# "To shoot"?



## Hansson (Aug 31, 2002)

As English is not my native language, can someone please explain the expression "to shoot" for me...

Is it a general term to get in close to the opponent and try to take him down or have I missunderstood it?


----------



## Kempojujutsu (Aug 31, 2002)

REfers to tackle: single leg or double leg takedown. It means to shoot in close for the takedown.
Bob


----------



## Hansson (Sep 1, 2002)

Thanks!


----------



## MartialArtist (Sep 2, 2002)

Shooting in is a little more advanced than tackling.  Tackling won't work in wrestling.

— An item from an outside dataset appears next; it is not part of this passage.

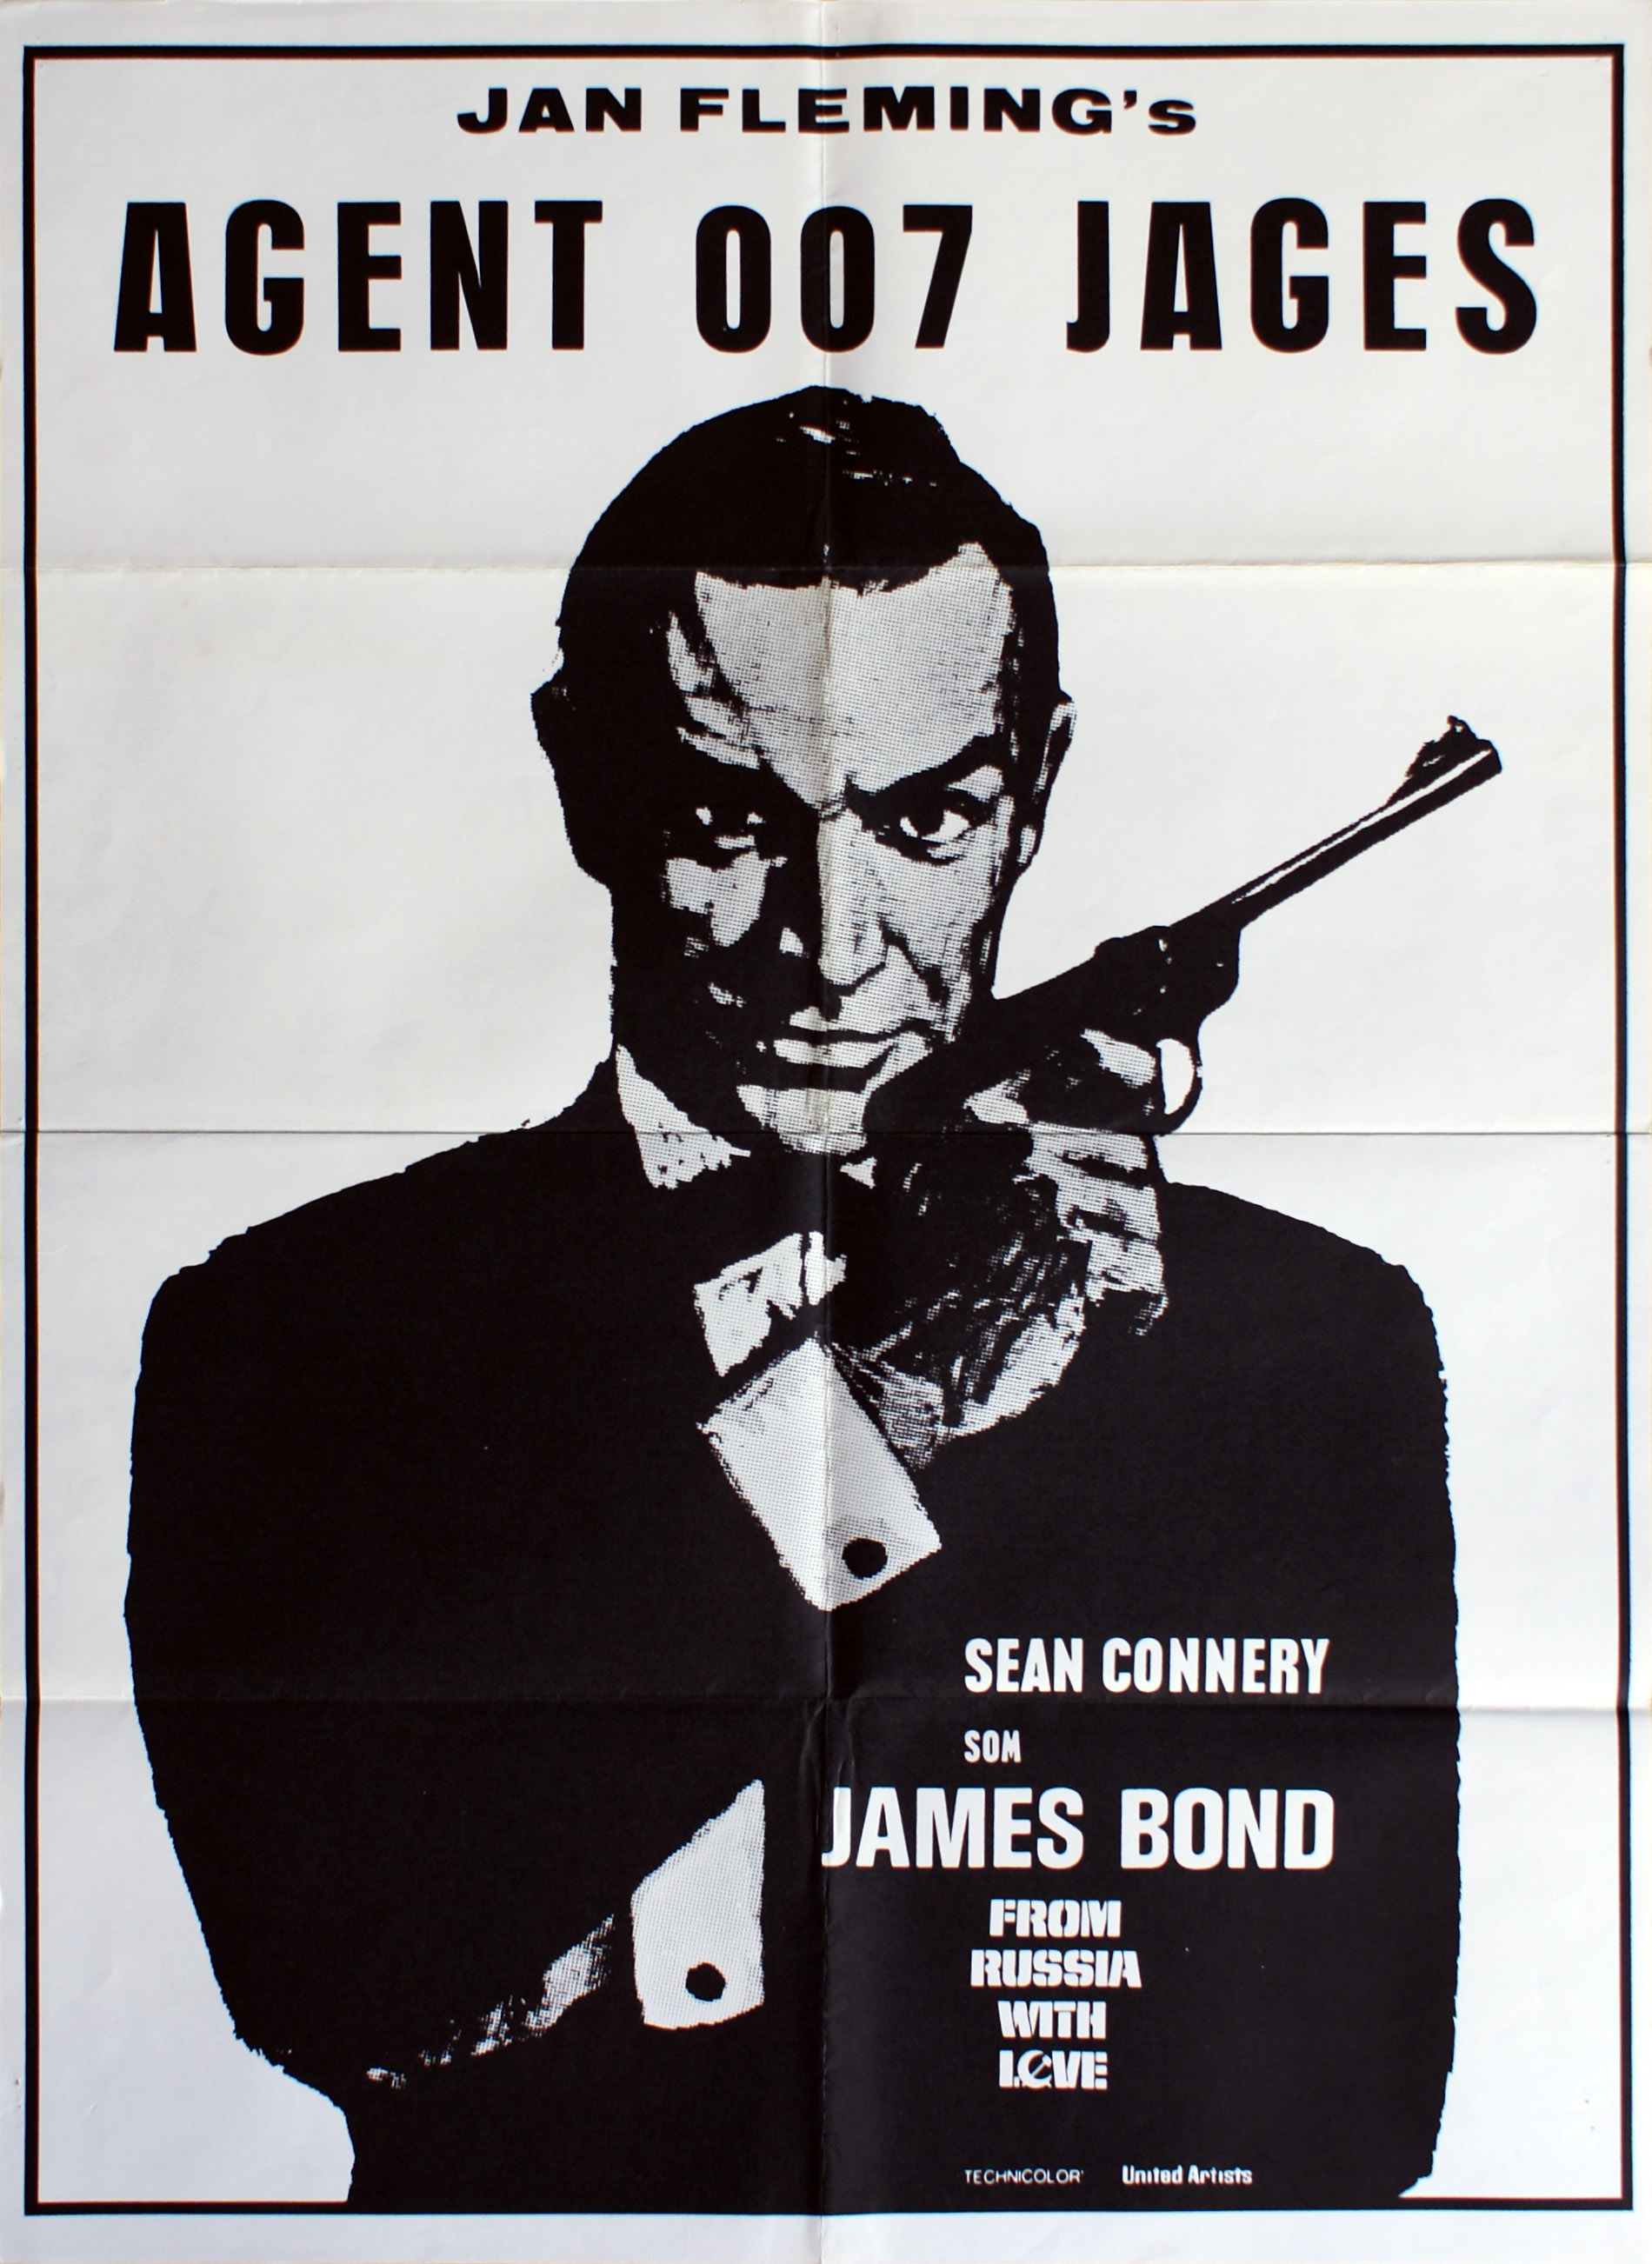 Agent-007-jages-DK-plakat-1.jpg

Shooting is where your upper body is still straight and not bent over so you are low like in football.  You still keep your head up, but your spine should almost be straight up.  You follow specific footwork, an example would be rock-over-up.  When you shoot, you have a variety of take-downs you can use or you can easily switch to a different technique depending on how the opponent responds.


----------



## ace (Sep 27, 2002)

A "shoot" is all so a term in pro wrestling 
When 1 or both wrestlers
 turn the"work" into a fight. :asian: 
:asian: 
Primo


----------



## tmanifold (Sep 27, 2002)

Interesting. Do mean like taking it from coreographed peice to a Competion or  do you mean a real fight?

Tony


----------



## ace (Sep 28, 2002)

Yes this is what they call it.
A Shoot When 1 or 2 of the guy/Gal
Takes the" Work " ( pre match set up)
to the point of a fight or a conflict of entrest.

Primo


----------